We are looking forward to connecting with you !
Meeting Organizers:
Sophie Petropoulos, PhD, Assistant professor-researcher, Department of Medicine, Faculty of Medicine, Université de Montréal
Anita Kozyrskyj, PhD, Professor, Department of Pediatrics, Faculty of Medicine & Dentistry, University of Alberta
Meghan Azad, PhD, Associate Professor, Pediatrics and Child Health, University of Manitoba
Gerry Giesbrecht, PhD, R.Psych, Associate Professor, Department of Paediatrics and Community Health Sciences, University of Calgary
Preliminary programme:
DAY 1, May 31, 2021
Anita Kozyrskyj: A Mother’s Psychological Stress: Impact on the Infant Gut Microbiome and Neurodevelopment
Abstract: This session will be an overview of our current knowledge regarding the impact of maternal psychological stress during pregnancy and postpartum on the microbiome and brain development in offspring. Speakers will unpack the human evidence, starting with perinatal depression, infant gut immunity and neurodevelopment, and ending with the latest findings on the mediating role of the infant gut microbiome.
DAY 2, June 1, 2021
Meghan Azad: Breast(milk)feeding and DOHaD: how do infant feeding practices and human milk components shape health trajectories?
Abstract: Breastfeeding is a critical and complex exposure that shapes early development through mechanisms ranging from epigenetics and immunity to taste preferences and the microbiome. These pathways are variably influenced by feeding methods (nursing or pumping) and styles (frequency and responsiveness), and by the tremendous variation in milk composition (nutrients and non-nutritive bioactives) among mothers and across lactation. This session will showcase new findings and emerging research on breast(milk)feeding and postnatal infant programming.
DAY 3, June 2, 2021
Gerry Giesbrecht: Pregnancy during the Pandemic: Risk factors and long-term implications for child health
Abstract: This talk will focus on experiences of psychological stress during the COVID-19 pandemic among pregnant individuals.

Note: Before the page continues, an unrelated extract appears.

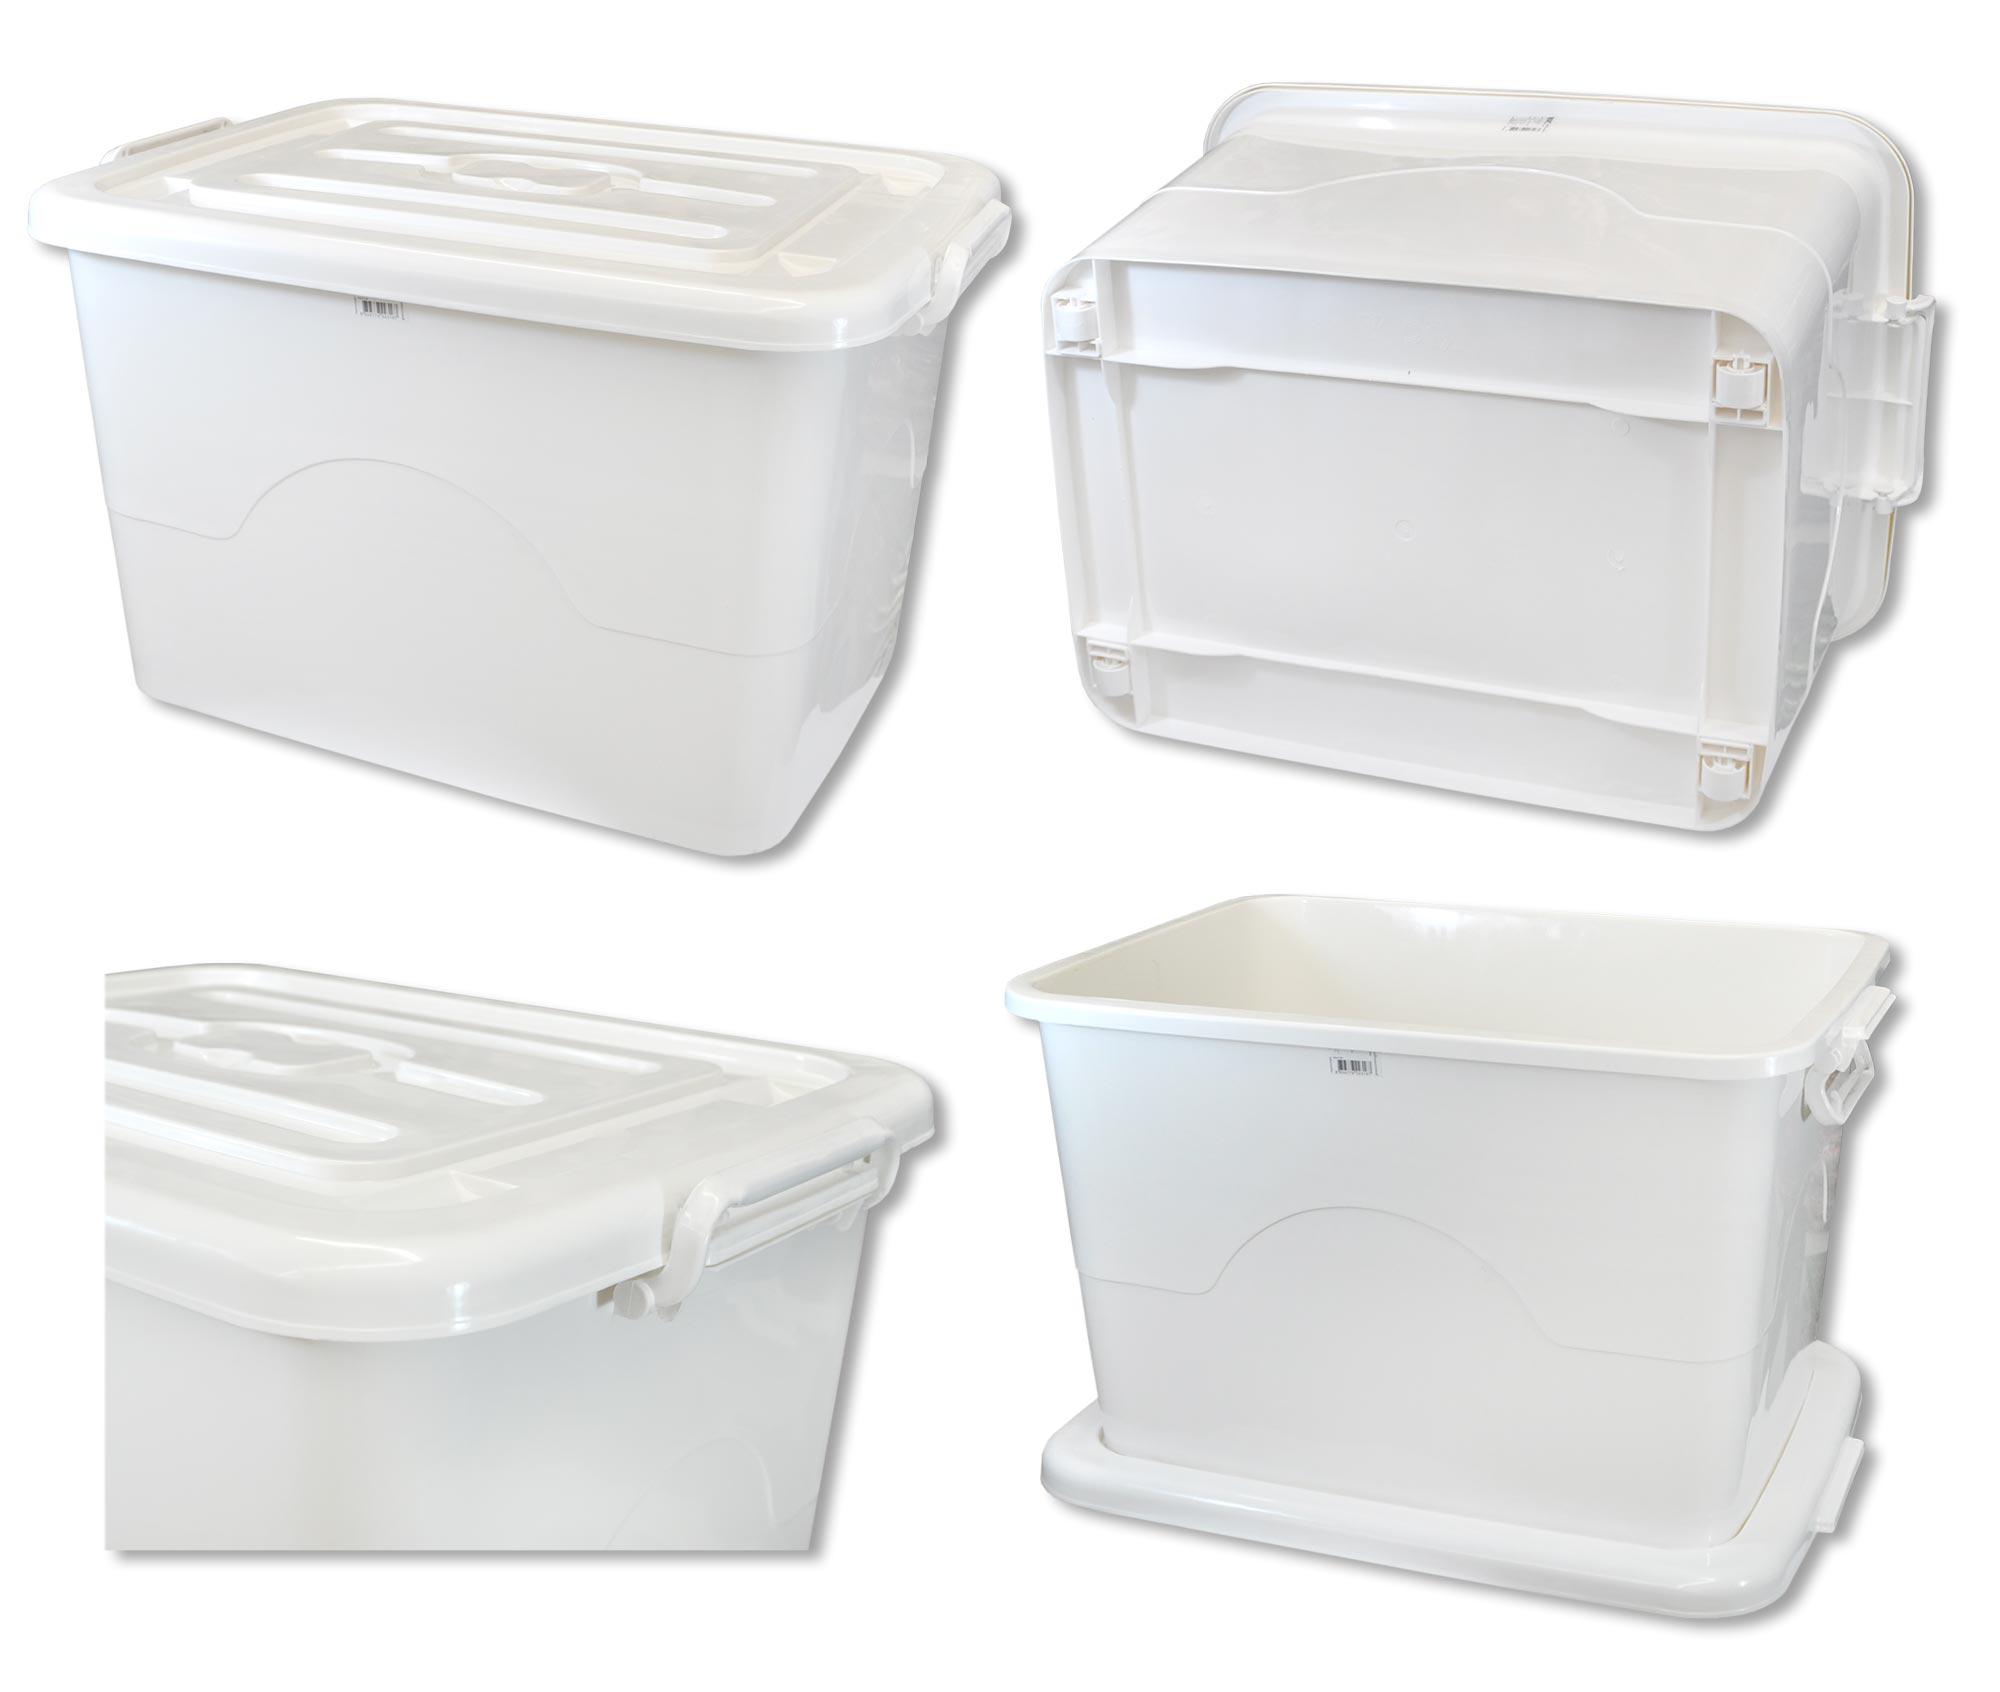 4 x plastikkiste box stapelbar 95 l wei allzweckbox rollcontainer ebay. Black Bedroom Furniture Sets. Home Design Ideas

We will examine the implications of stress, fear, uncertainty for pregnant individuals and the development of their babies. We will present preliminary findings of brain MRI showing changes in brain development among infants prenatally exposed to objective and subjective aspects of pandemic stress. We will also describe health inequities and the implications for policy and intervention to promote child health. This session will be co-presented by Lianne Tomfohr-Madsen, Gerry Giesbrecht and Catherine Lebel.
REGISTER HERE! FREE FOR TRAINEES!
Abstract submission is no longer available.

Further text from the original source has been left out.